The vexed question of burdensome FOIA requests

Since the Freedom of Information Act 2000 (FOIA) came into force in 2005, a body of case law has been built up to elucidate its meaning and application in different circumstances. In particular, the concept of a vexatious request, which is not defined by the FOIA, has evolved through case law in ways that are helpful to institutions.

A particular challenge is those requests that represent a significant burden on an institution’s resources, but are not requests that can be refused on costs grounds.

The costs limit can only be applied to the information-retrieval process i.e. locating and extracting the requested information. In many cases it is easy for institutions to locate and retrieve the information; deciding what exemptions apply and redacting exempt information are often the more onerous and resource-consuming tasks, but cannot be taken into account in estimating whether the costs limit of £450 will be exceeded.

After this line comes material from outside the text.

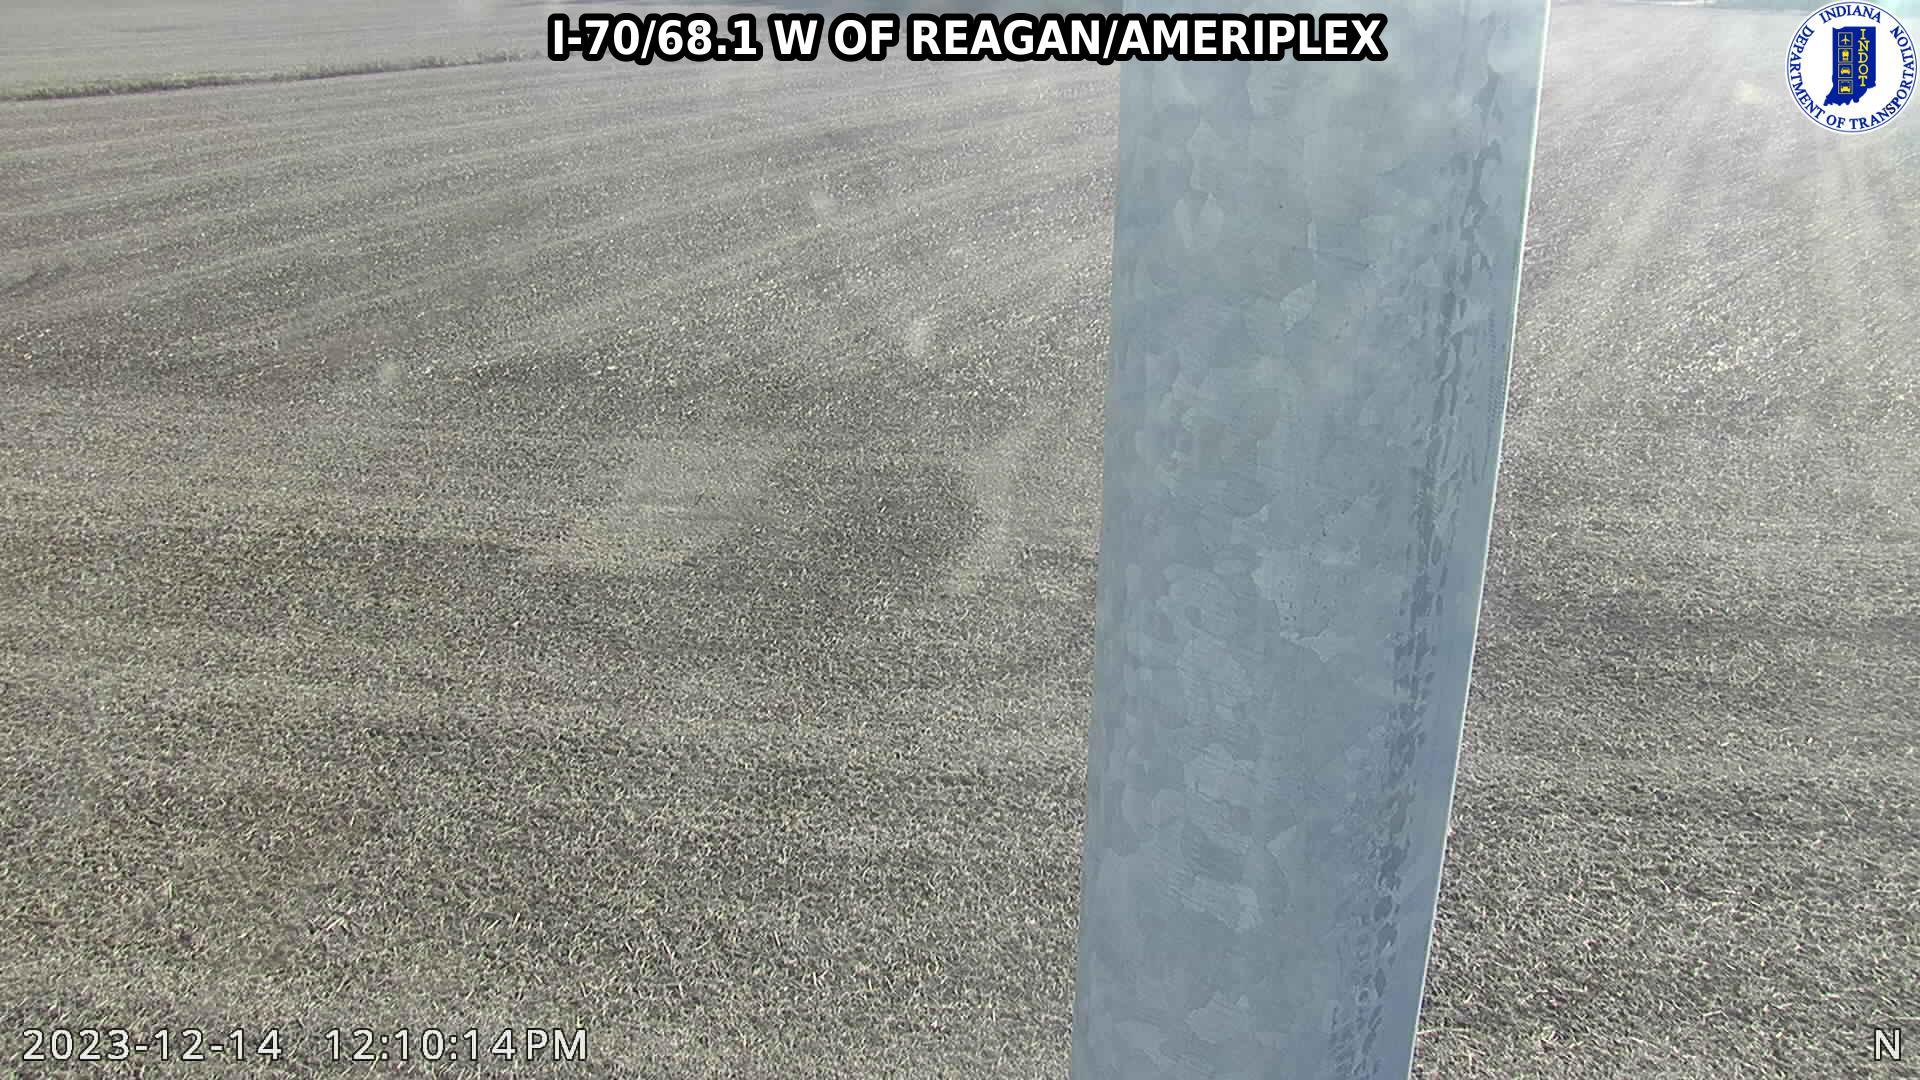 Traffic Cam Plainfield: I-70: I-70/68.1 W OF REAGAN/AMERIPLEX

Cases on vexatious requests have established the principle that one-off requests may be refused as vexatious on the grounds of resources. They can also be rejected on the grounds of resources alone, without the need to show any other aggravating factors such as distress to staff or a malevolent or improper motive.

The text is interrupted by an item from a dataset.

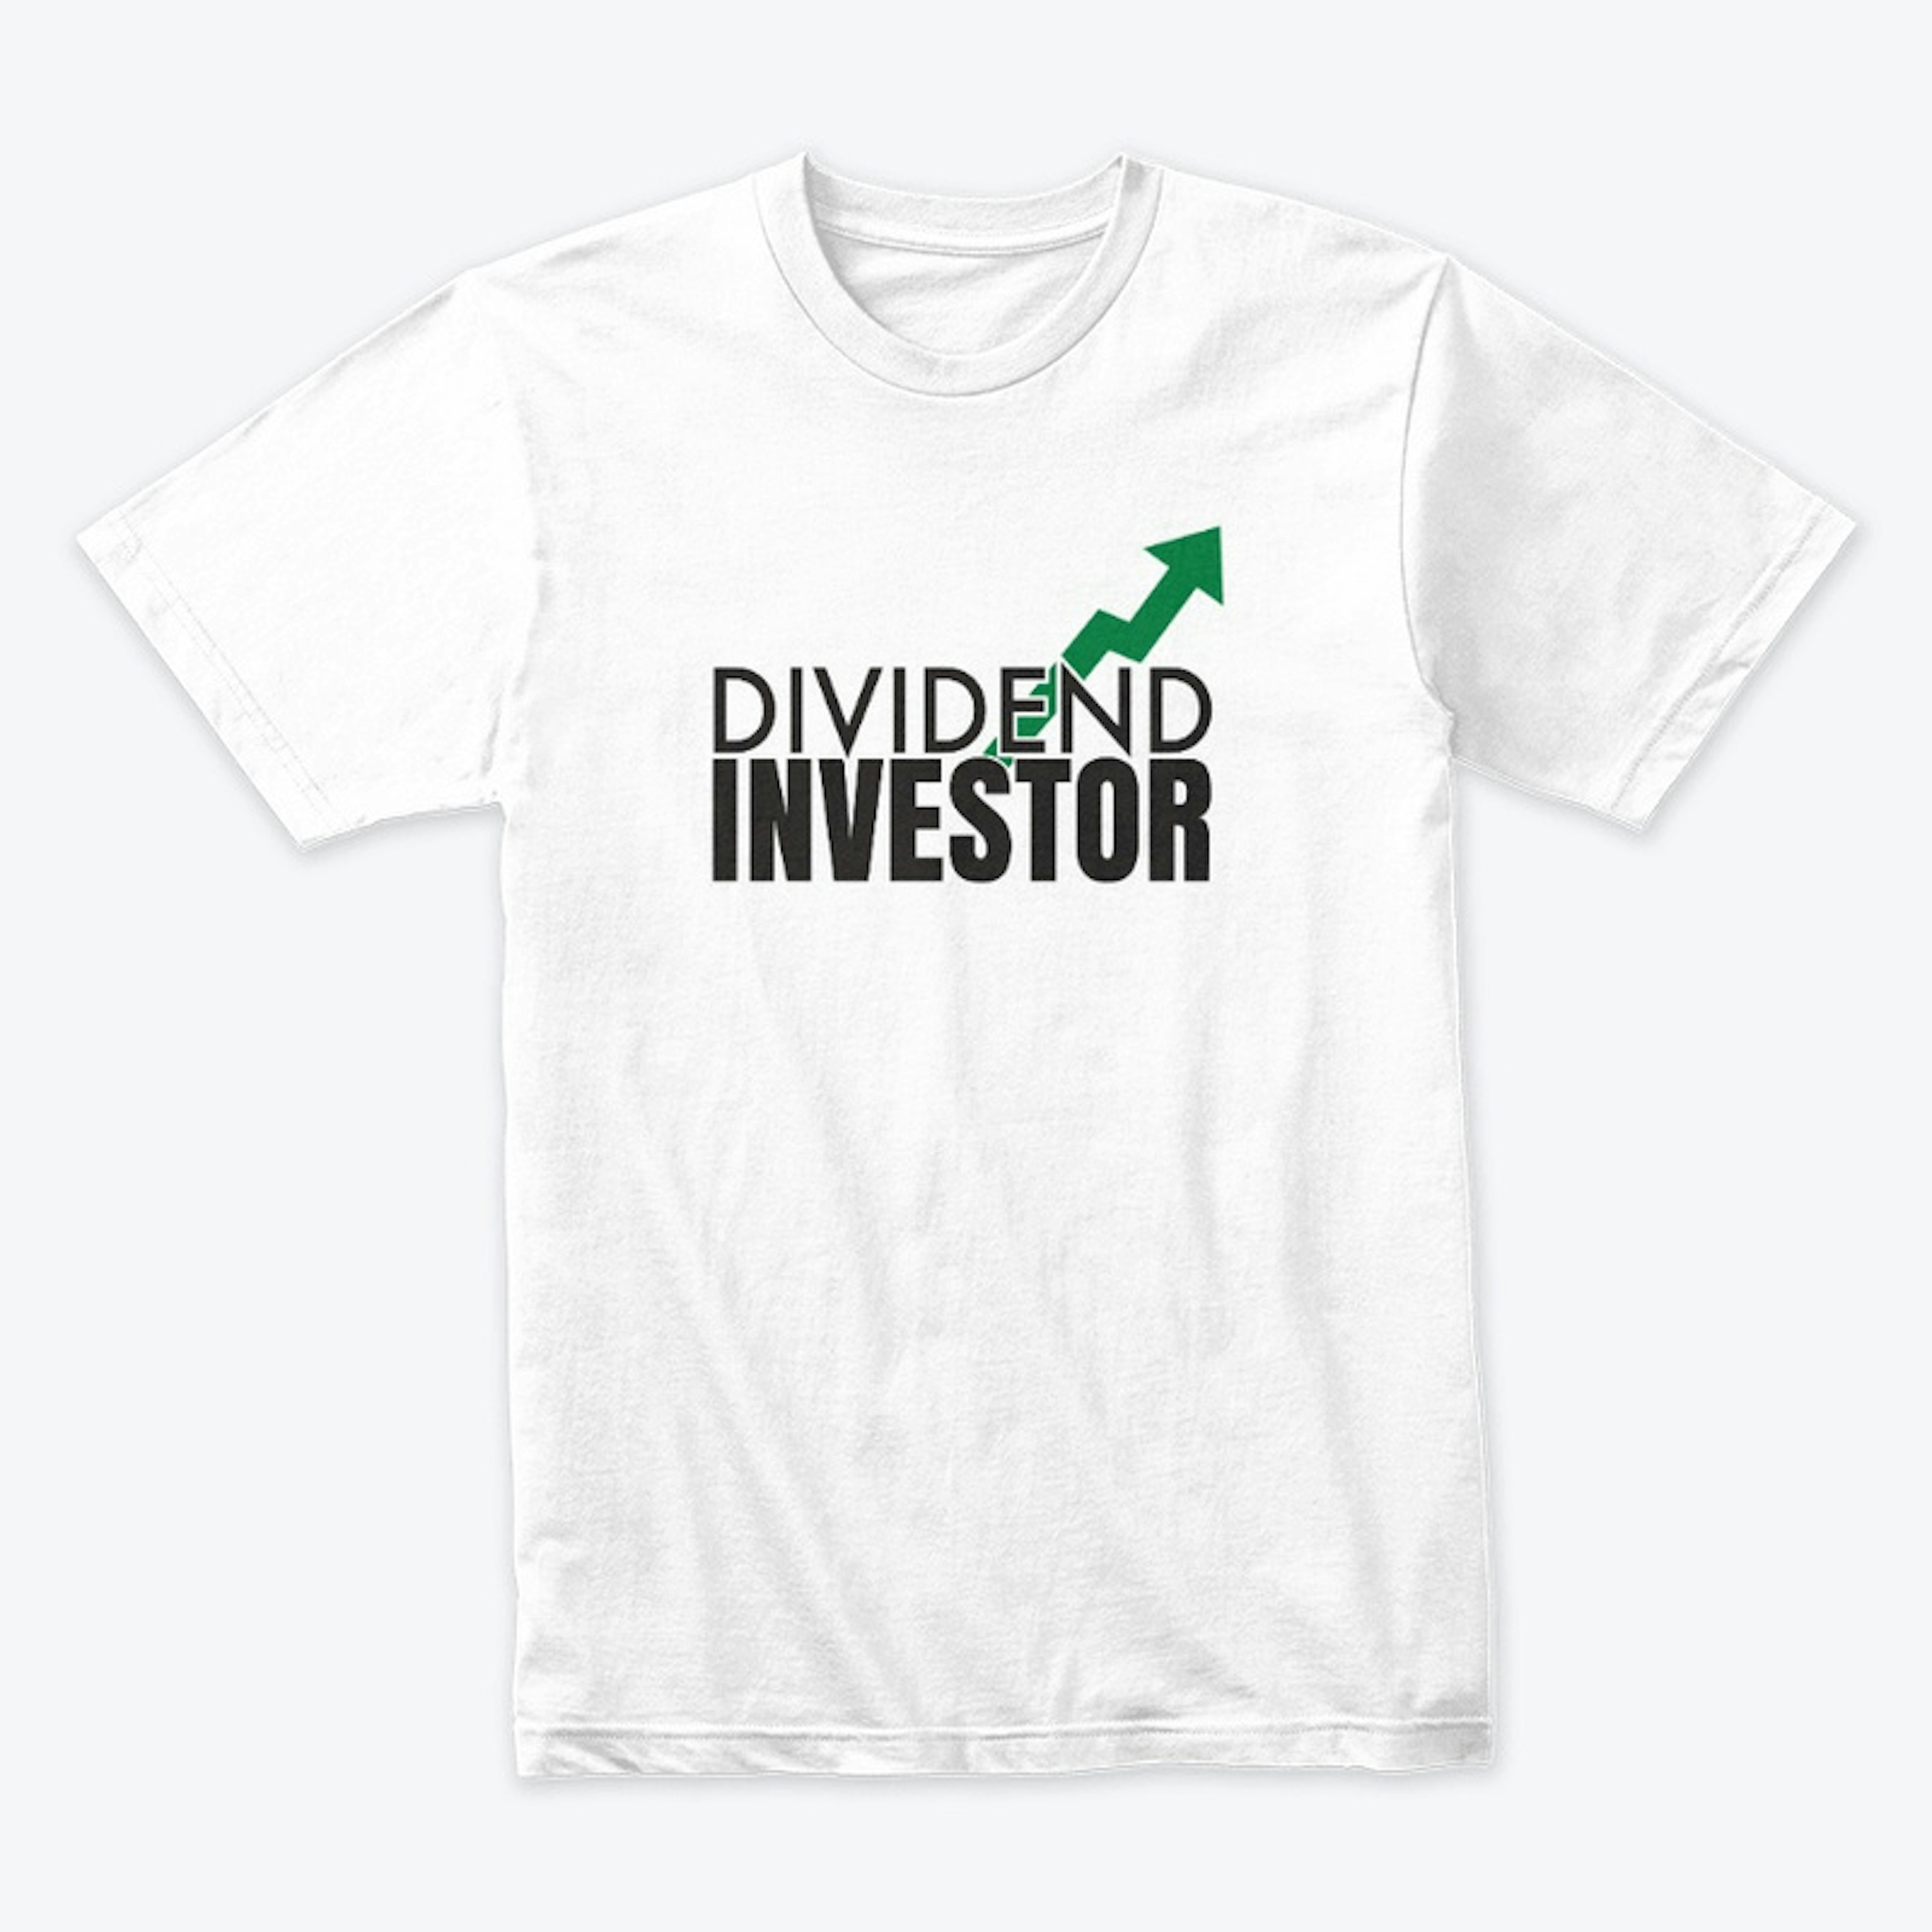 Dividend Investor (White T-Shirt)

A recent case concerning a request by a professor of political science for Cabinet Office documents relating to the UK’s relationship with Libya provides a useful summary of the state of the law in relation to this particular issue (Cabinet Office v IC and Ashton [2018] UKUT 208 (AAC)).

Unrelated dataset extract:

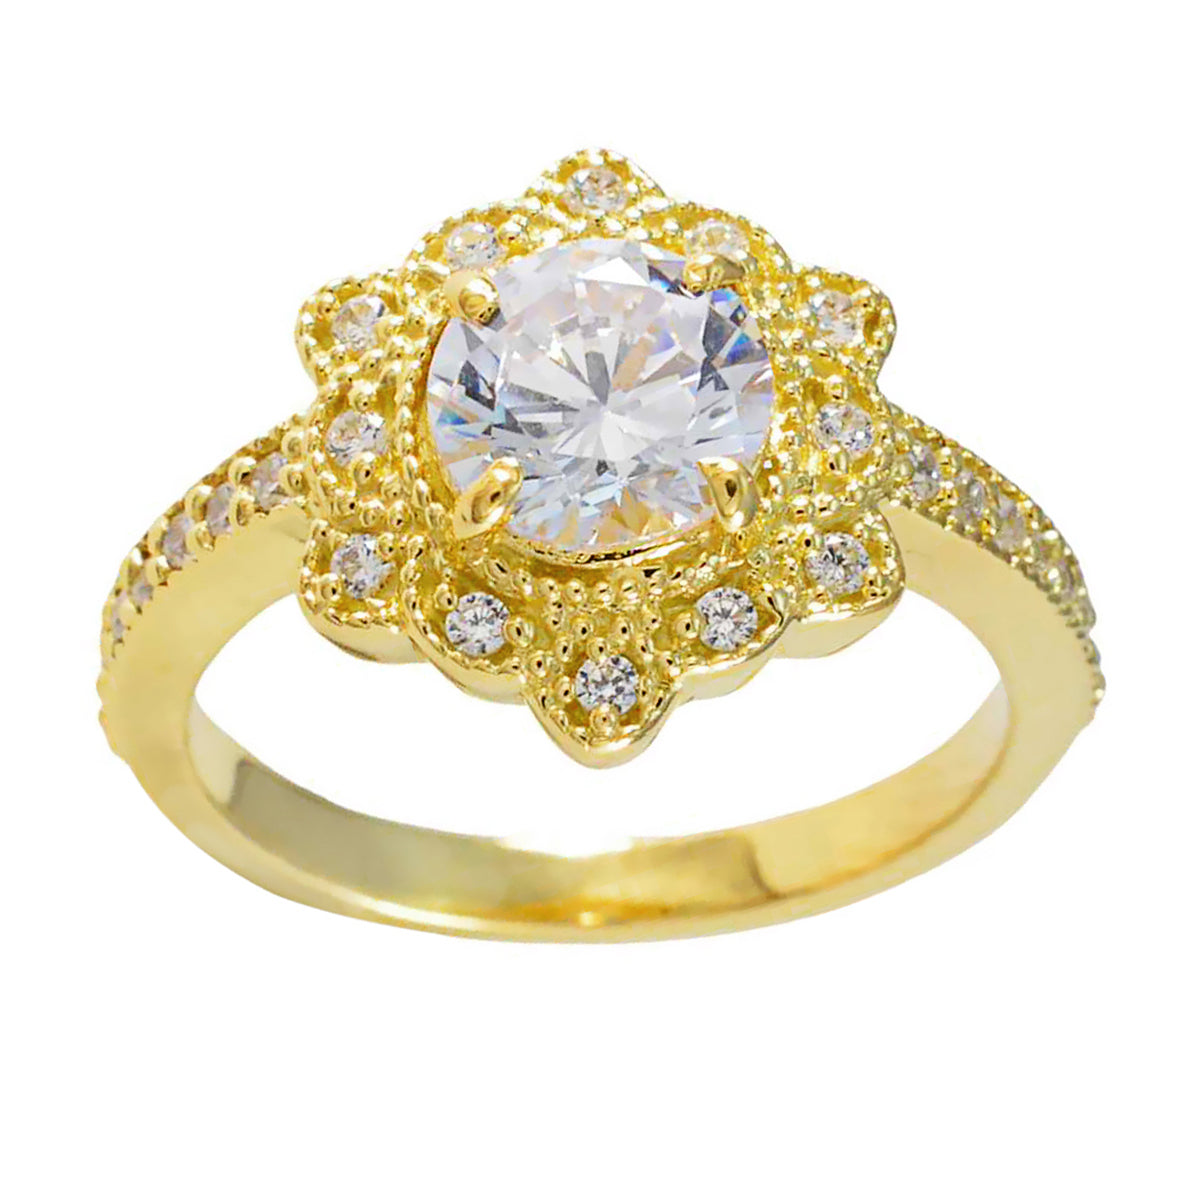 Riyo Custom Silver Ring With Yellow Gold Plating White CZ Stone Round Shape Prong Setting Bridal Jewelry Graduation Ring

The Cabinet Office refused as vexatious Prof Ashton’s request because it would amount to a significant burden to redact papers in files spanning a period of 12 years, totalling 1,053 pages. The refusal was upheld by the Information Commissioner’s Office (ICO). Prof Ashton appealed the ICO’s decision and was successful in the First Tier Tribunal (FTT). The Upper Tribunal (UT) upheld the FTT’s decision. It was acknowledged by all that the request was very burdensome and that there was a substantial public interest in the requested information.

The UT’s decision includes the following points which are worth noting:

• There is no doubt that vexatiousness can be invoked on the grounds of resources alone;

• The threshold for a finding of vexatiousness is a high one (for the ICO in relation to the burden on resources, the threshold is “grossly oppressive”);

• Where the request would pose a burden on resources, institutions must make a holistic assessment of all the relevant considerations before refusing the request as vexatious;

• Public interest will not as a matter of principle outweigh the burden to the institution; the strength of public interest is simply one, albeit important, material factor when considering all the circumstances of the request;

• Institutions cannot place an emphasis on the limited nature of their resources to justify a refusal to comply with a request; recognising any entitlement to do so would emasculate the right of access to information conferred by the FOIA.

The decision underscores the tension between openness, undoubtedly an important element in any democratic society, and the significant challenge to resources that maintaining openness represents. It provides a clear message that institutions need to invest in resources so that they can comply with the FOIA, but it also provides some comfort that where resources are put under an oppressive strain by a request, that request may be refused as vexatious.